[developers] Adjusting LNK values to space-delimited tokens

Mon Jun 26 05:03:17 CEST 2017

Have you considered passing a pre-tokenized string (produced by REPP or otherwise) into ACE?  Character spans will then automatically be produced relative to that string.  Or maybe I misunderstood your goal?

Woodley

> On Jun 25, 2017, at 3:14 PM, Michael Wayne Goodman <goodmami at uw.edu> wrote:
> 
> Hi all,
> 
> A colleague of mine is attempting to use ERG semantic outputs in a system originally created for another representation, and his system requires the semantics to be paired with a tokenized string (e.g., with punctuation separated from the word tokens).
> 
> I can get the space-delimited tokenized string, e.g., from repp or from ACE with the -E option, but then the CFROM/CTO values in the MRS no longer align to the string.
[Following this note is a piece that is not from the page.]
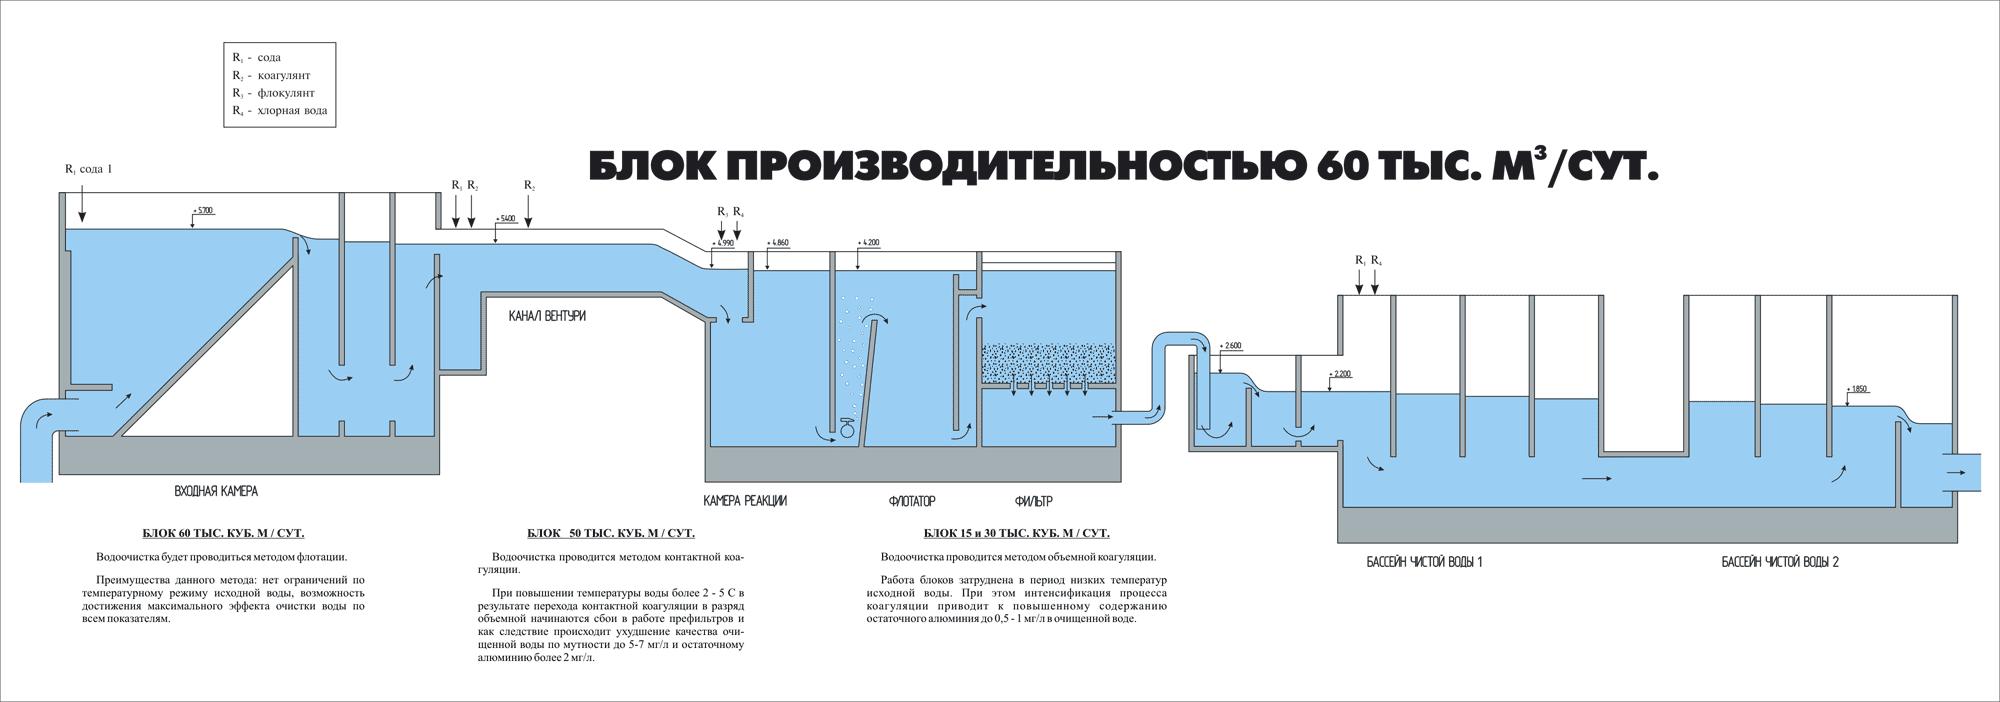 Очистные сооружения для очистки сточных вод
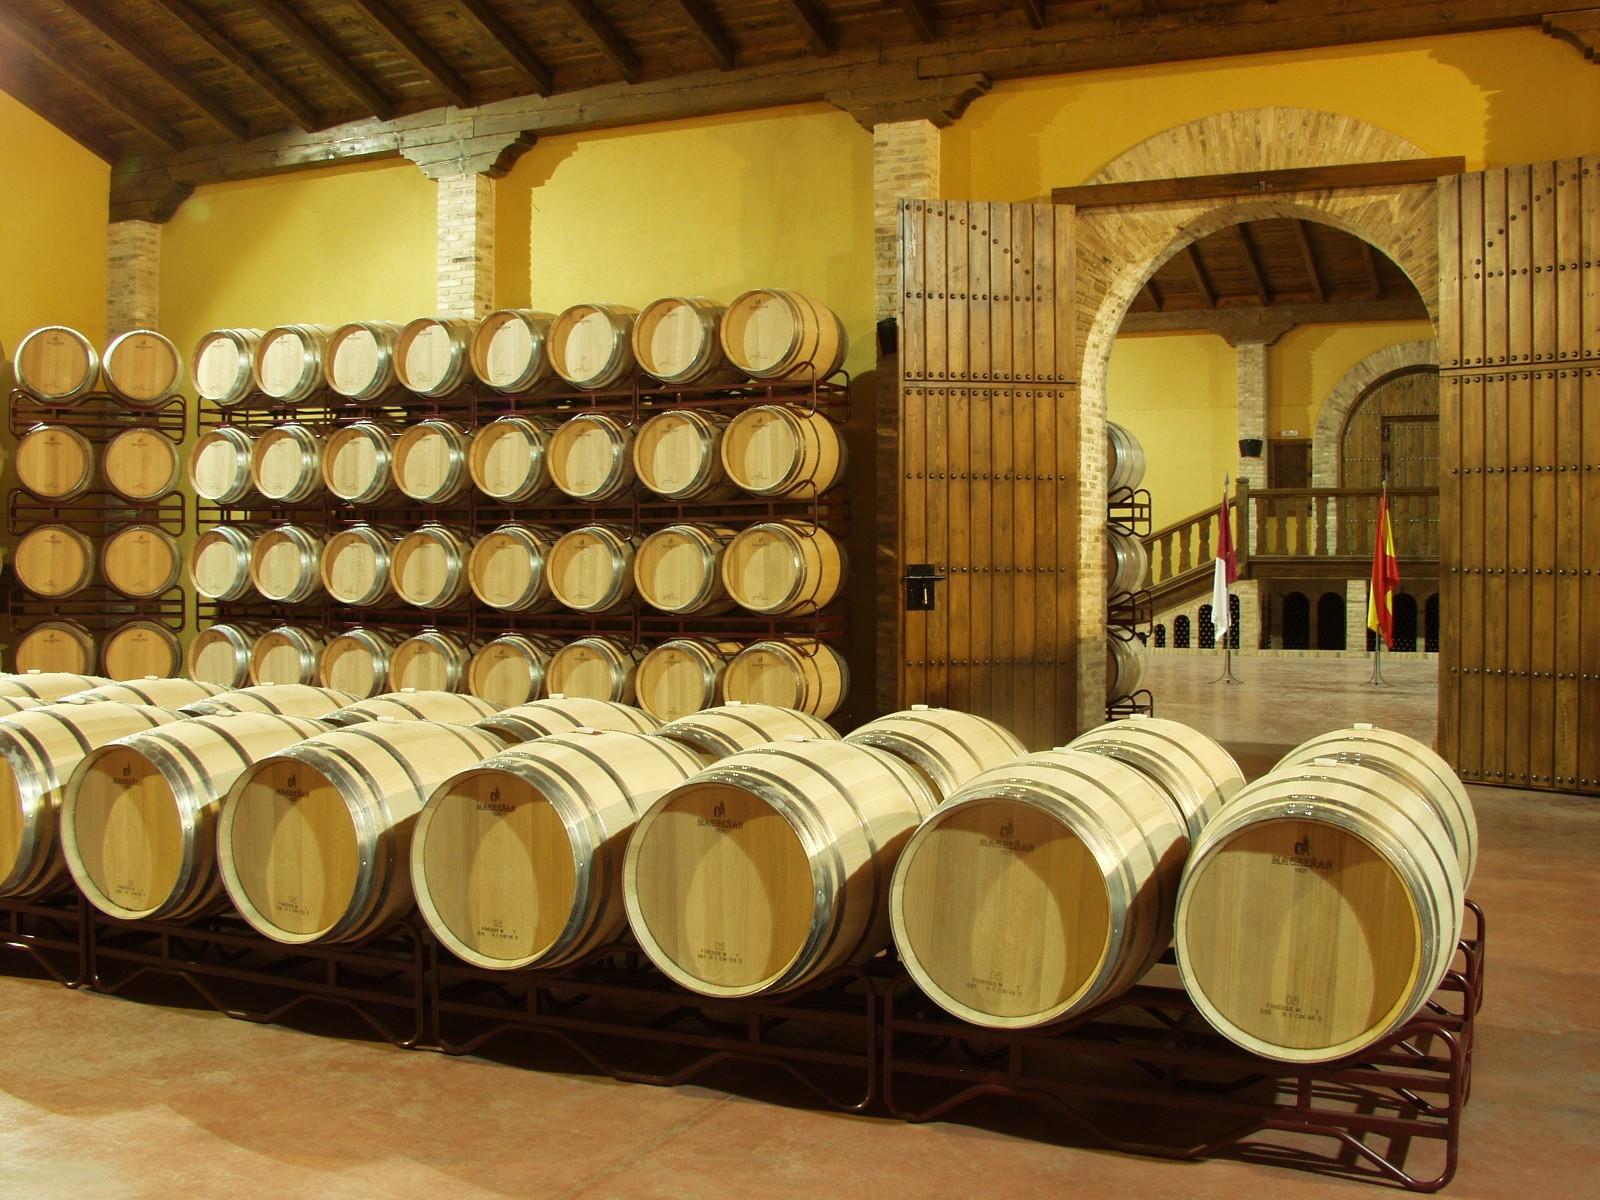 Un Joven de 20 años llamado Juan maydana inaugurará una bodega de vino

The initial tokens ('p-input' in the 'parse' table of a [incr tsdb()] profile) can tell me the span of individual tokens in the original string, which I could use to compute the adjusted spans. This seems simple enough, but then it gets complicated as there are separated tokens that should still count as a single range (e.g. "could n't", where '_can_v_modal' and 'neg' both select the full span of "could n't") and also those I want separated, like punctuation (but not all punctuation, like ' in "The kids' toys are in the closet.").
> 
> Has anyone else thought about this problem and can share some solutions? Or, even better, code to realign EPs to the tokenized string?
> 
> -- 
> Michael Wayne Goodman
> Ph.D. Candidate, UW Linguistics